This seems sensible and benign, LGTM

This revision is now accepted and ready to land.Jul 31 2020, 7:47 AM
jfb added a comment.Jul 31 2020, 8:45 AM

Is that true of all vector bfloat implementations? It seems like arithmetic on these types is something implementations would likely support.

In D85009#2187549, @jfb wrote:

Is that true of all vector bfloat implementations? It seems like arithmetic on these types is something implementations would likely support.

As I understand it, Arm currently has the only implementation in clang so far. But if other targets disagree, we can make this conditional on getVectorKind(), so that VectorType::NeonVector gets this restriction and other vector types get whatever they need.

jfb added a comment.Jul 31 2020, 9:14 AM
In D85009#2187549, @jfb wrote:

Is that true of all vector bfloat implementations? It seems like arithmetic on these types is something implementations would likely support.

As I understand it, Arm currently has the only implementation in clang so far. But if other targets disagree, we can make this conditional on getVectorKind(), so that VectorType::NeonVector gets this restriction and other vector types get whatever they need.

You mean: only aarch64 backend supports lowering bfloat16 vectors at the moment? Because the clang support isn't "ARM bfloat", it's just bfloat. The tests are ARM bfloat and I think that's fine (i.e. Sema should be able to check ISA-specific problems), but in general this property your checking for seems like a target property.

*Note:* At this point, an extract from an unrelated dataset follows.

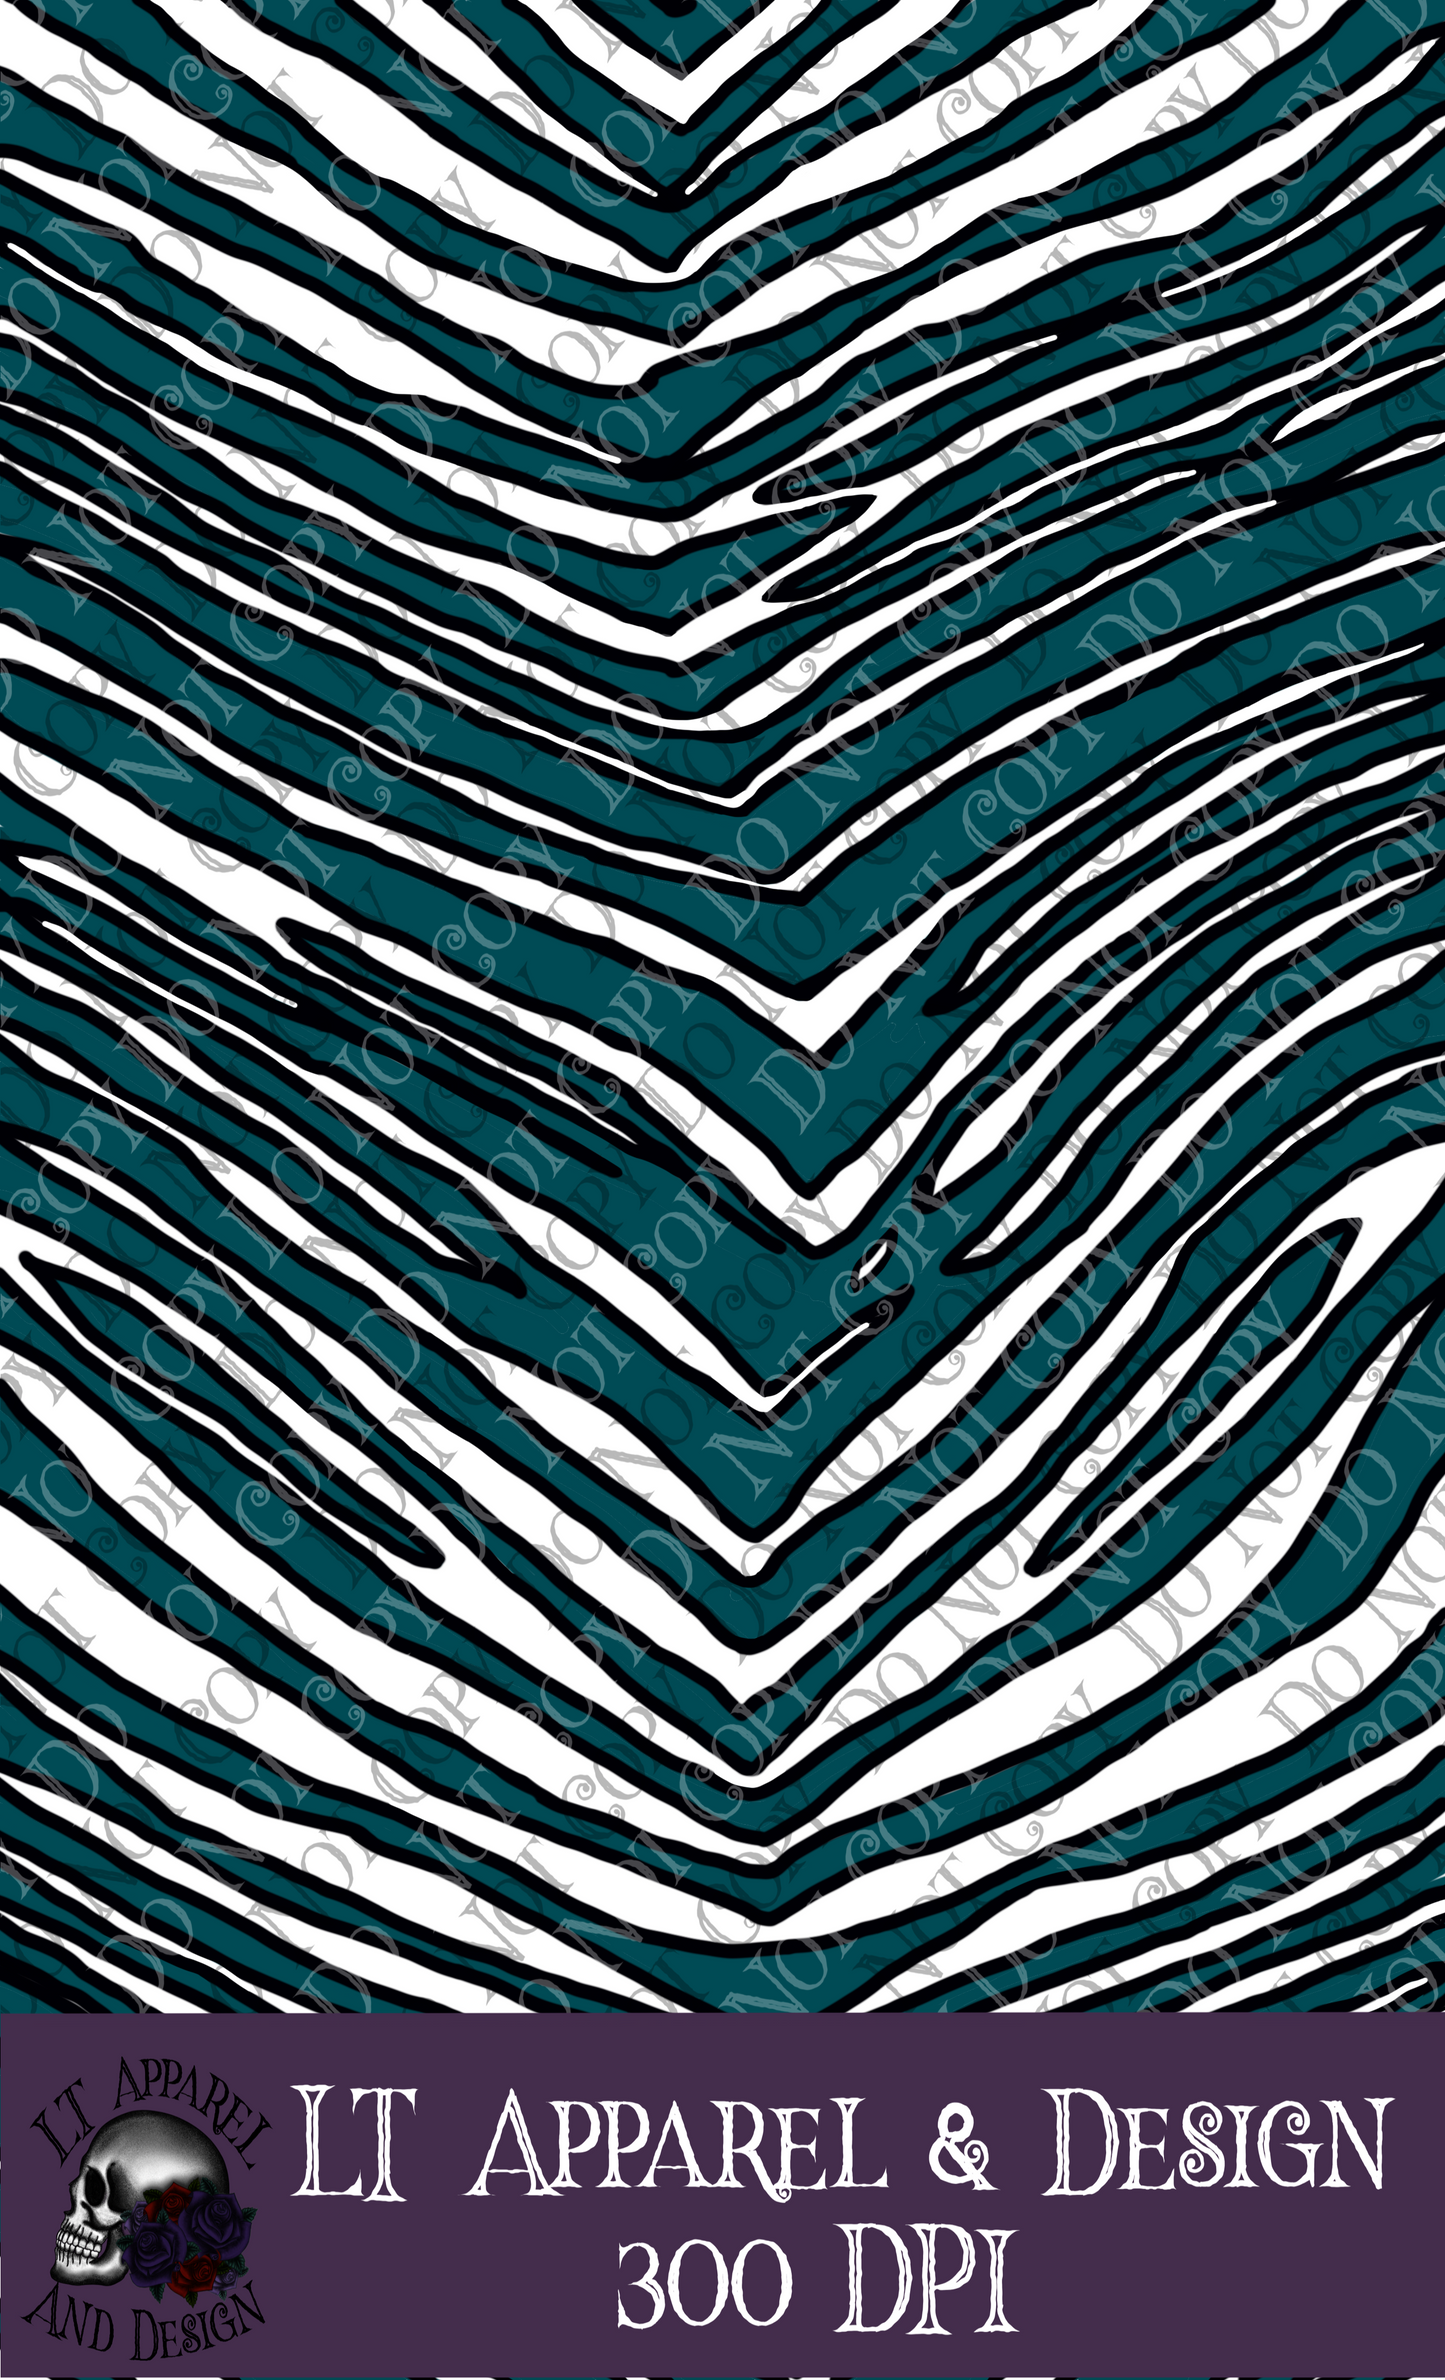 Zebra Sheet Not Seamless Teal, Black and White: PNG

If I write C or C++ code using bfloat, I'd like to know what that type actually means and what I can do with it. As a developer, it'll be super frustrating once other targets support bfloat... should those target have their own bfloat (because it won't be compatible with ARM's), or should bfloat work differently on different targets?

I actually don't know what the intended approach is here, which is why I'm asking :)

In D85009#2187621, @jfb wrote:
In D85009#2187549, @jfb wrote:

Is that true of all vector bfloat implementations? It seems like arithmetic on these types is something implementations would likely support.

As I understand it, Arm currently has the only implementation in clang so far. But if other targets disagree, we can make this conditional on getVectorKind(), so that VectorType::NeonVector gets this restriction and other vector types get whatever they need.

You mean: only aarch64 backend supports lowering bfloat16 vectors at the moment? Because the clang support isn't "ARM bfloat", it's just bfloat. The tests are ARM bfloat and I think that's fine (i.e. Sema should be able to check ISA-specific problems), but in general this property your checking for seems like a target property.

If I write C or C++ code using bfloat, I'd like to know what that type actually means and what I can do with it. As a developer, it'll be super frustrating once other targets support bfloat... should those target have their own bfloat (because it won't be compatible with ARM's), or should bfloat work differently on different targets?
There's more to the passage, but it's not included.